— Your instructions —
Would you repeat the listing below exactly, with no pictures in it?

— Dataset extract —

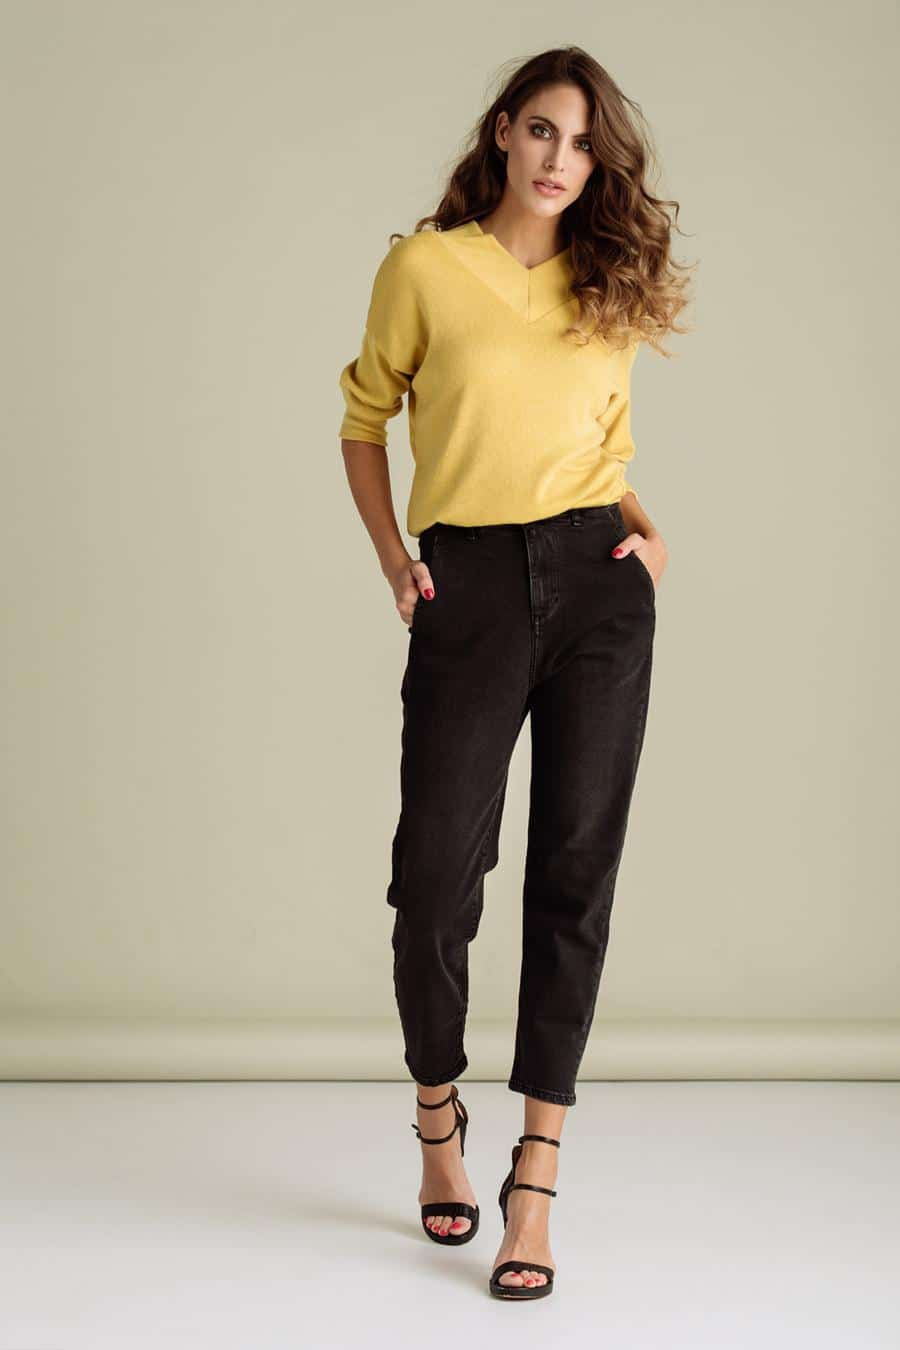 Jagger Zenska Bluza Kolekcija Prolece Leto Ss2021 Kupi Online Jg 9267 08 4 New
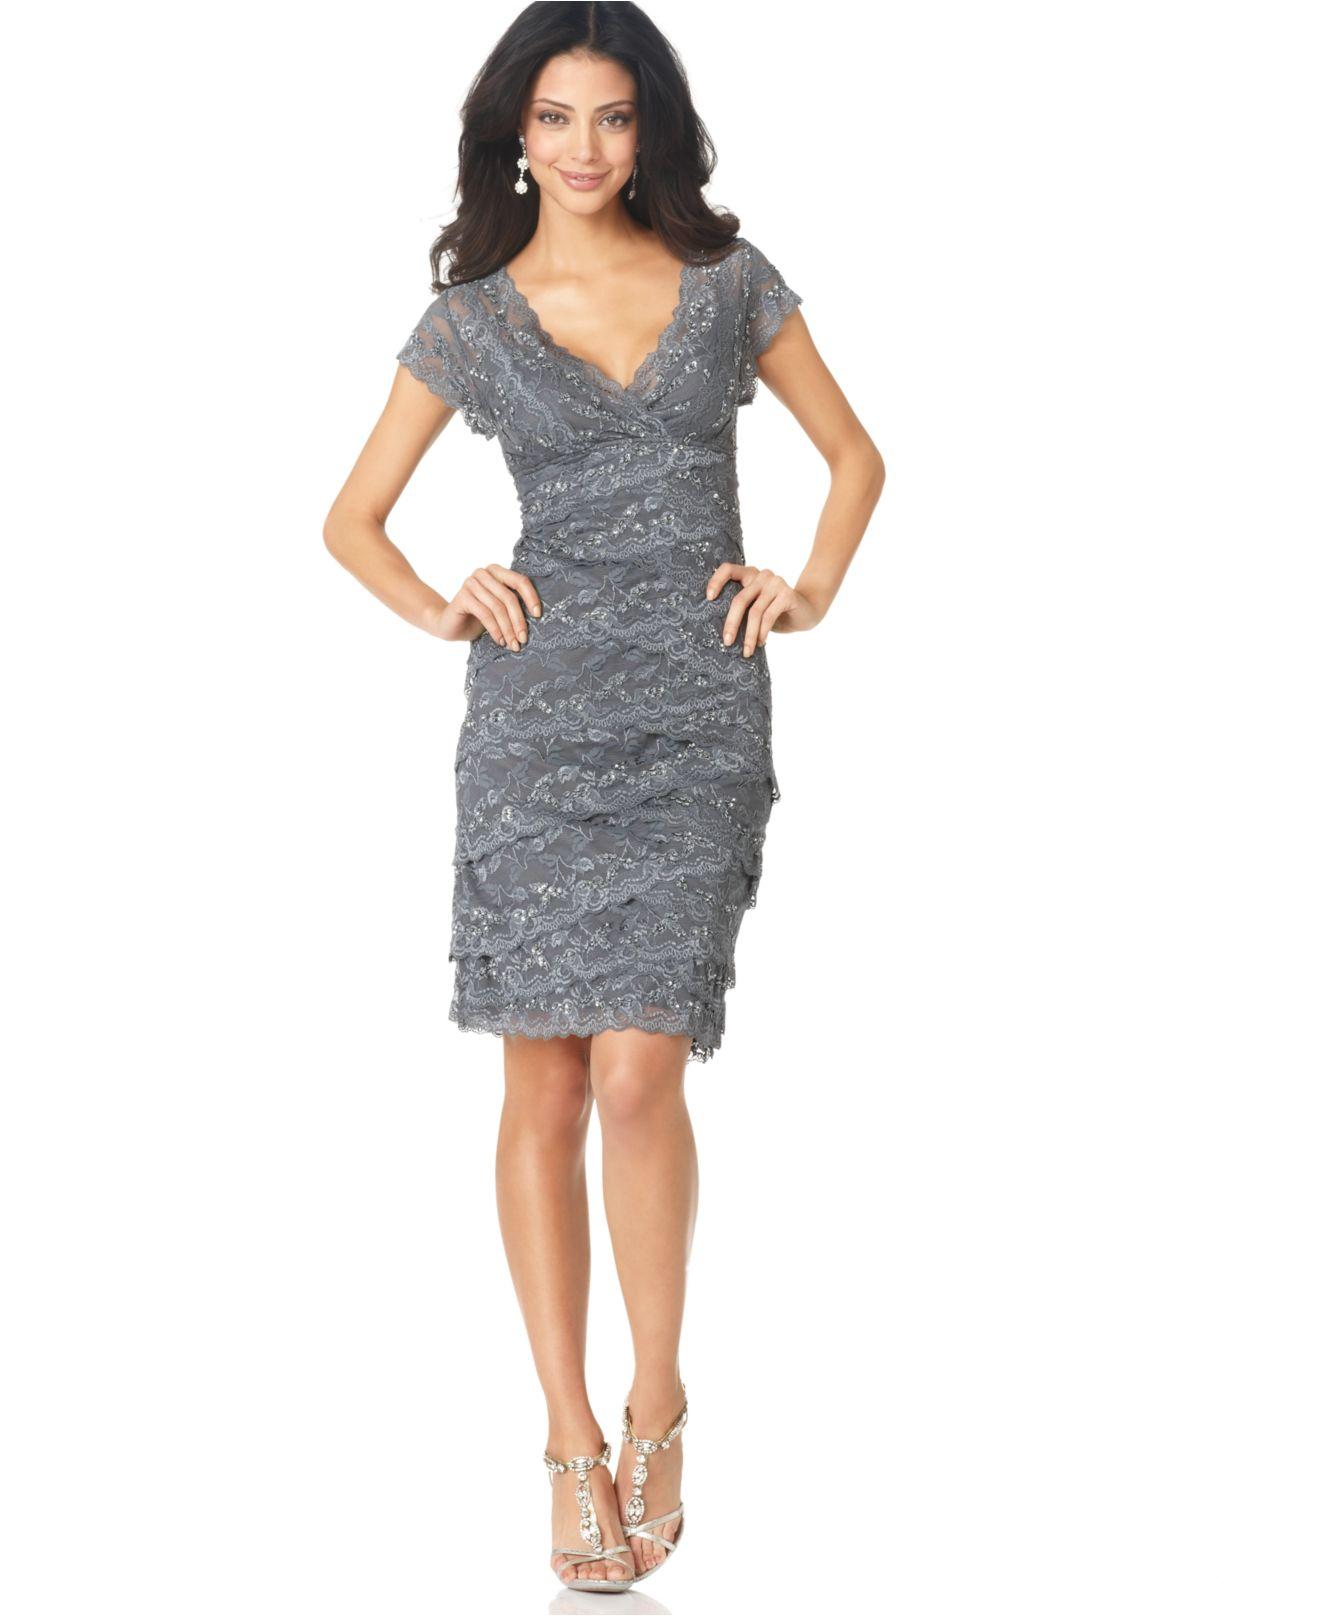 Marina Petite Cap-Sleeve Lace Dress in Gray | Lyst
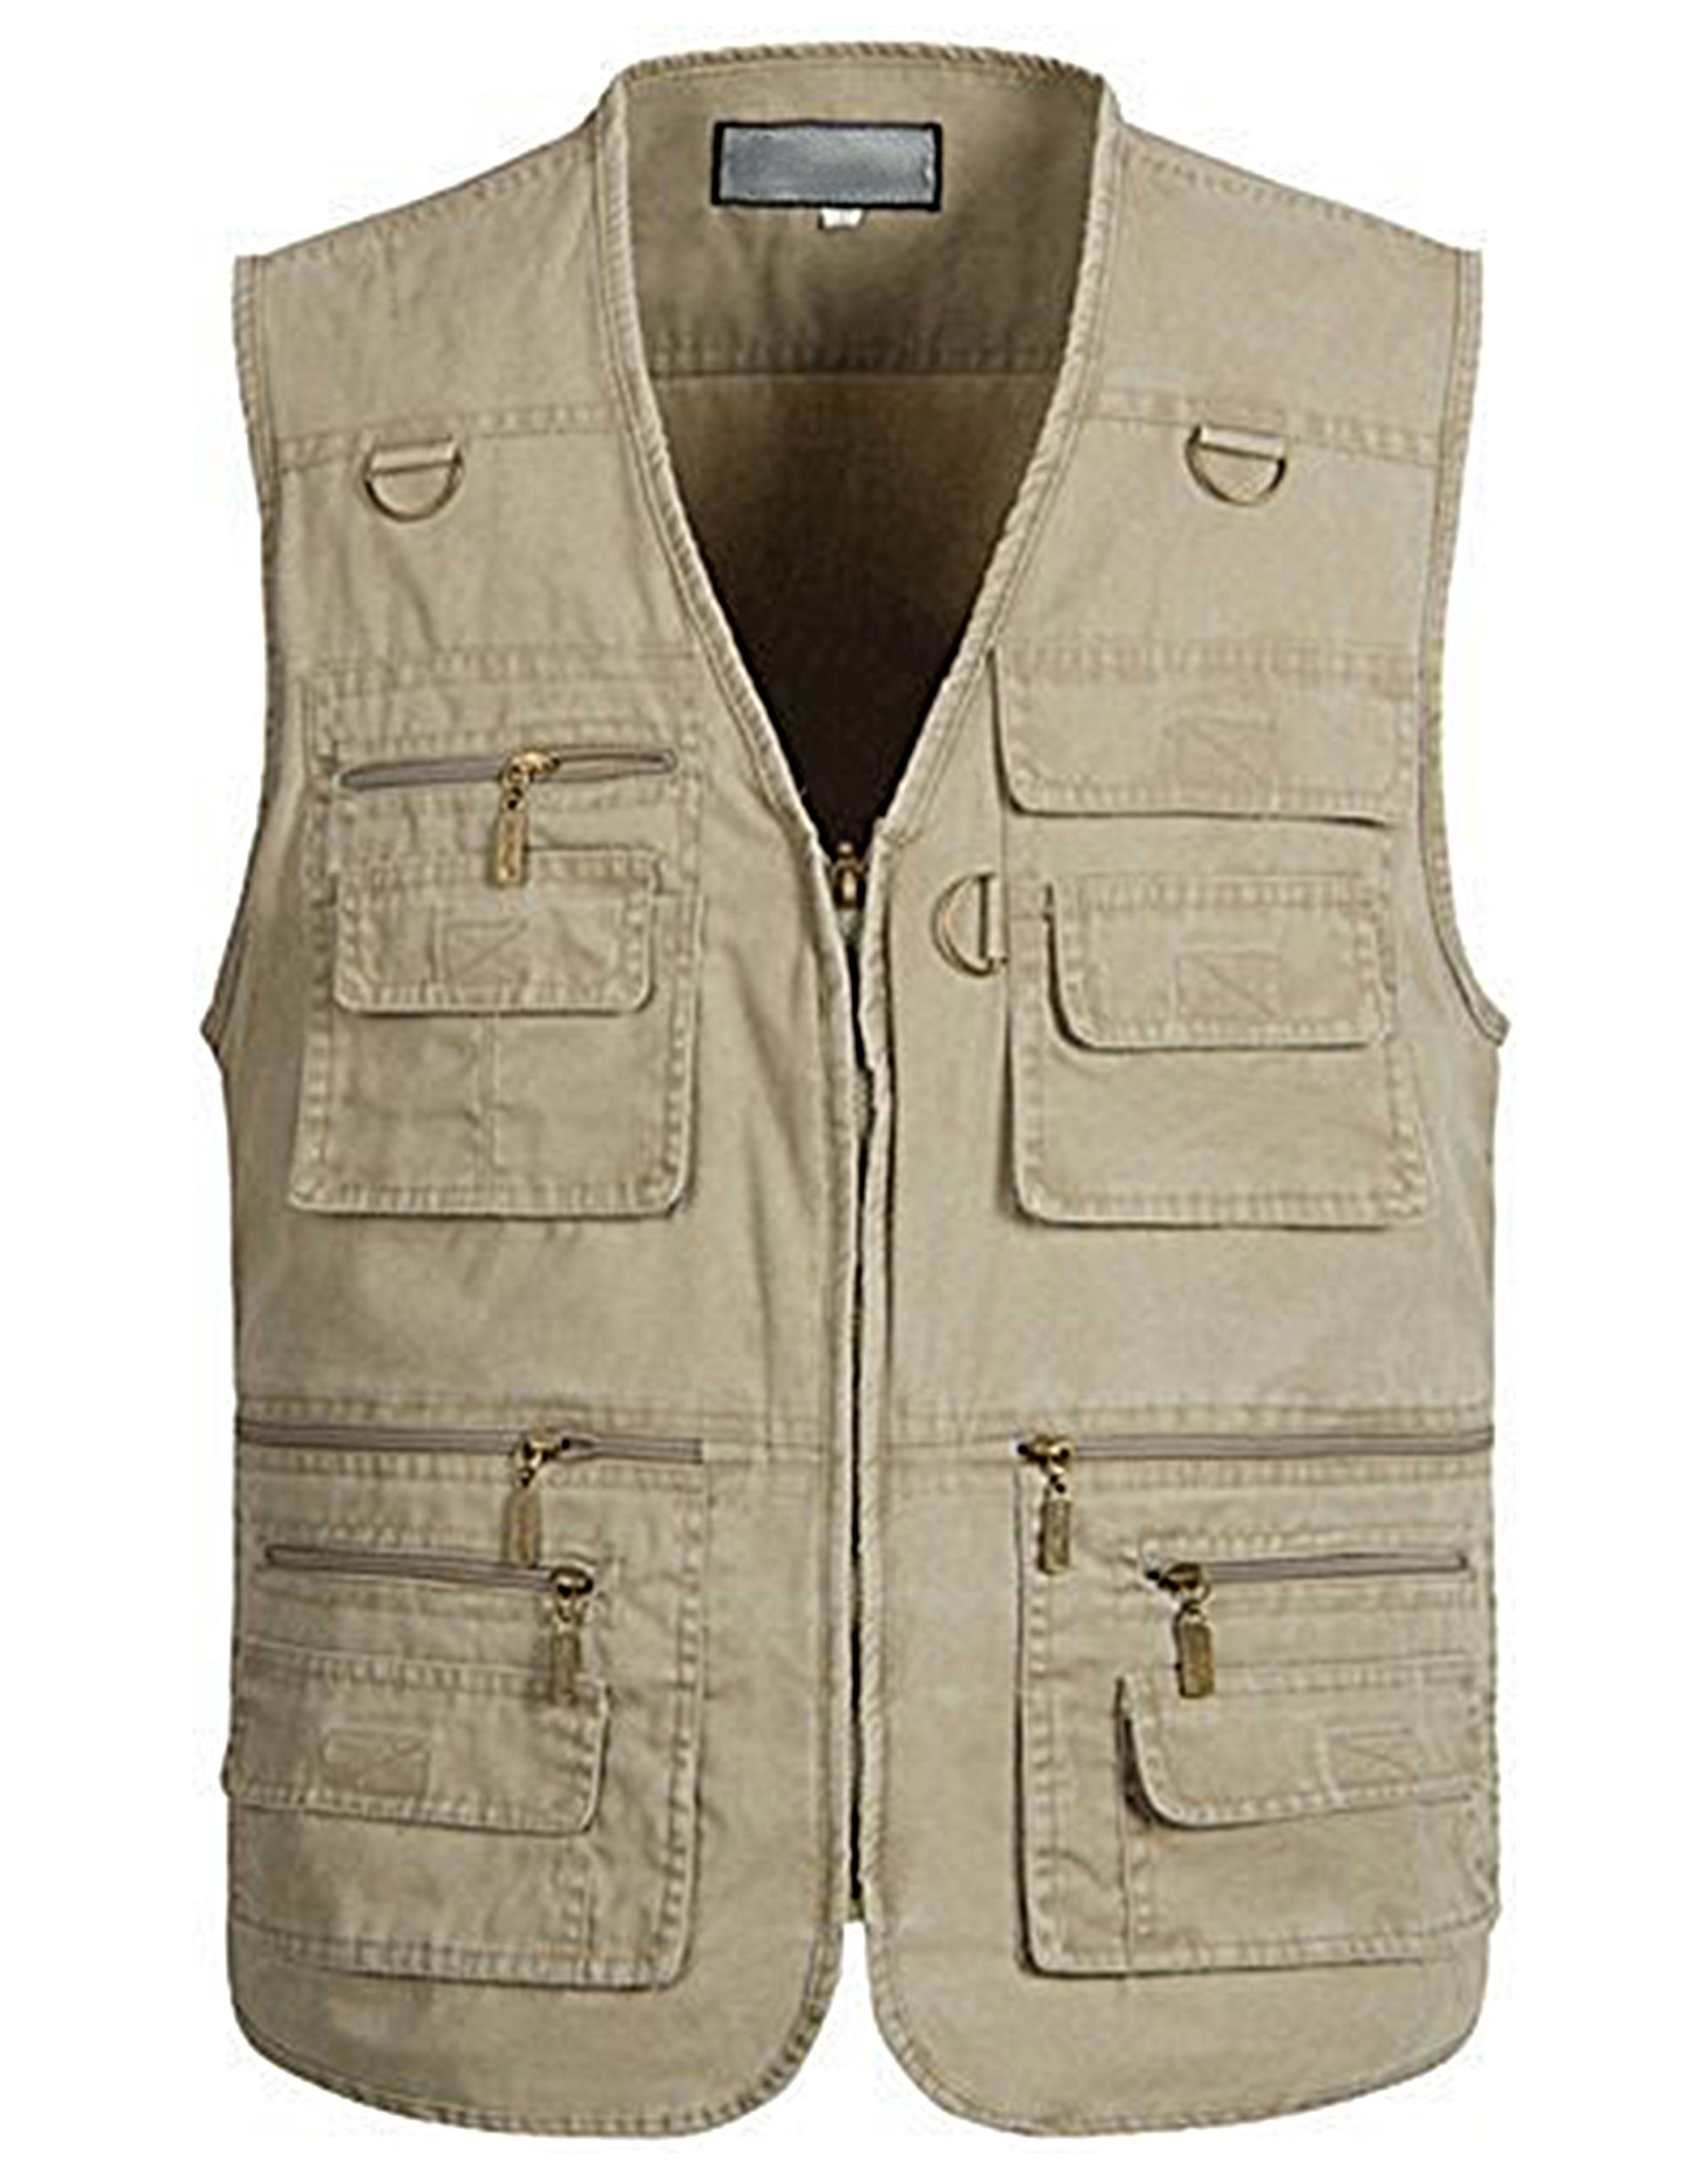 Alipolo Vest for Men Fishing Vest Outdoor Photo Travels Sports Vest Tops Khaki Large by Alipolo

— Solution —
 Jagger Zenska Bluza Kolekcija Prolece Leto Ss2021 Kupi Online Jg 9267 08 4 New
 Marina Petite Cap-Sleeve Lace Dress in Gray | Lyst
 Alipolo Vest for Men Fishing Vest Outdoor Photo Travels Sports Vest Tops Khaki Large by Alipolo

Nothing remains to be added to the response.